Five for Friday.

Oof. Wow, what a night. It wasn’t even that bad it’s just…a school night. A school night when the ladies of Casa de Katie were left on their own, and one minute I swear we were ready for bed at barely 8 o’clock…the next, there was wine and sugar and YouTube happened and then Cyndi Lauper and Taylor Swift and INSTANT DANCE PARTY! See what happens when we’re left to our own devices? Chaos!
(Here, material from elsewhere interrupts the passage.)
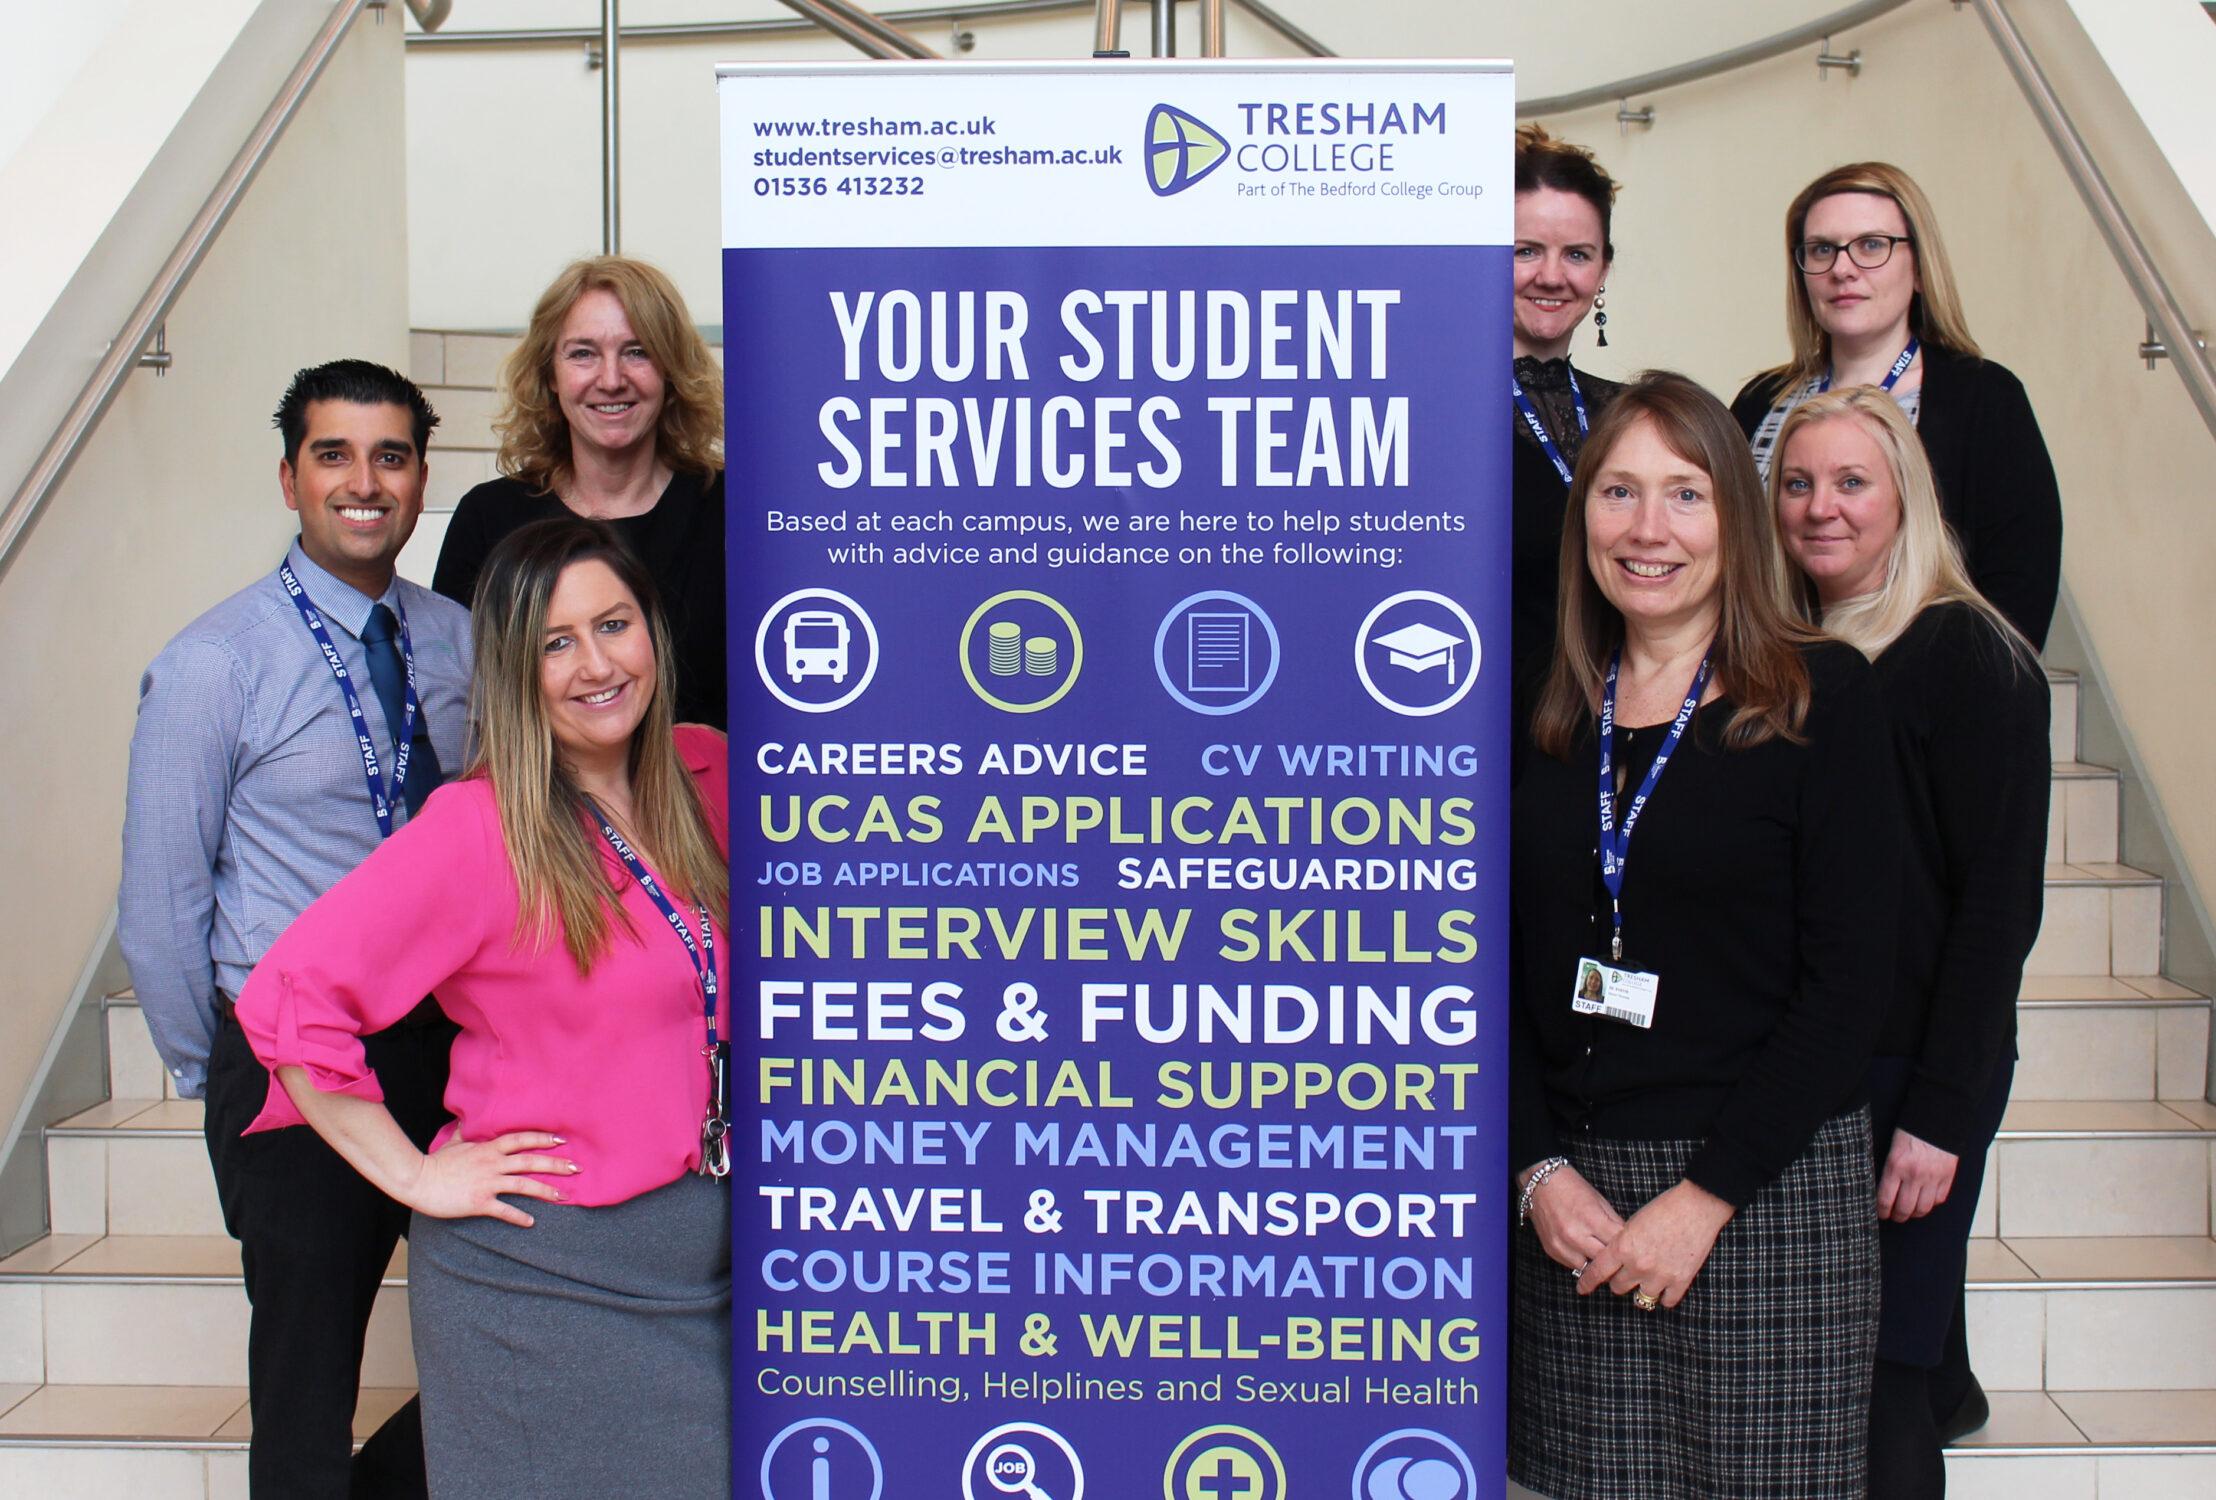 Tresham College Student Services Team

But that’s not what I wanted to talk to you about today. I’ve been on this amazing book kick lately, and I wanted to share some quick reviews. Let’s go:

  1. It started with The Strange and Beautiful Sorrows of Ava Lavender, by Leslye Walton. (Candlewick Press, 2014, 301 pages. Library ebook, although I’ve picked up the paperback and put it down a hundred times.) It’s the generational story of Ava’s family after they immigrated, and how unlucky in love they’ve been. The writing is gorgeous, the characters unique, and the overall effect so haunting. Think Middlesex meets Night Circus. If you don’t like magical realism – even in light doses – this isn’t for you. But, oh, if it’s your cuppa, you definitely want to make room for this. 4 of 5 stars.
  2. My Sunshine Away, by M.O. Walsh. (Amy Einhorn Books, 2015, 306 pages. Library ebook.) I wouldn’t quite tag this as YA fiction, because it read very grown-uppish for me, but I know some reviewers have it pigeon-holed that way. Sunshine tells the story of the 15-year-old narrator as he looks back at what was both a picture-perfect and utterly miserable adolescence. He professes to have grown up in an idyllic neighborhood, although as he unravels what actually happened the summer his high school crush was raped, we learn that his father was a philanderer who left his mother, his neighborhood housed bullies (children and grown-ups), foster families abused their children, and husbands beat their wives. It’s a skilled balance between keeping the story moving while untangling the narrator’s understanding that his childhood didn’t have to be one or the other – it could be complicated and layered. I wish the author had done more with the idea of class that peeked in just at the end, but I absolutely loved what was there. It reminded me of Lovely Bones meets some of Stephen King’s early stories about growing up (a la The Body). 4 of 5 stars.
  3. The Last Flight of Poxl West, by Daniel Torday. (St. Martin’s Press, 2015, 304 pages. Library ebook.) You guys know I have a thing for World War stories – fiction, non-fiction, maps, movies, I want it all. Poxl is the story of a young boy who idolizes his Uncle Poxl, who grew up in Prague before becoming a medic during the blitz of London, and then flew bombers for the Royal Air Force. It was a moving coming of age story, in which Elijah learns that not all is ever as it seems in the world of grown-ups, and why, when you really love someone, not all is ever lost. It’s a great story, but you can get all the same themes somewhere else if you don’t enjoy stories of growing up in Europe or WWII. 4 of 5 stars.
  4. We Have Always Lived in the Castle, by Shirley Jackson. (Penguin, 1962, 146 pages. Paperback.) Can you believe I’d never read this one? I adore Shirley Jackson – she’s the queen of not being able to sleep because you’re scared to death, if you ask me. She knows just how to take innocent words, phrases of every day conversation, throw in a creepy childish chant, and then BOOM! Psychological thrills and pitfalls galore. I kept waiting for the story to turn out a bit different, but I still loved all the places it took me. (No spoilers from this girl.) I was afraid I had hyped the story too much in my mind, but I shouldn’t have worried – Jackson always delivers. A solid hour’s read. 4 of 5 stars.
  5. The Walls Around Us, by Nova Ren Suma. (Algonquin Young Readers, 2015, 336 pages. Library ebook.) This was most definitely a Young Adult novel, but it read well. Yes, sometimes the writing was trite and forced and definitely sounded geared towards a Young Adult attention span, but the story made up for it. Two young ballet prodigies are bullied by the other dancers. One of them ends up in jail. The story plays out as we read about the time after that girl was in prison, upstate, and what her life was like before when she was hanging out with her bestie. Oh, also: there was a bunch of trippy, creepy, ways time and space were messed with. In a good way. I was dying to figure out how the story was resolved and read the ending at breakneck speed. 3 1/2 of 5 stars. Definitely worth borrowing.

Now what’s sad – or insanely awesome? – that’s not even the entirety of my list! But it’s a good five books to get you started. Enjoy your weekend, everyone!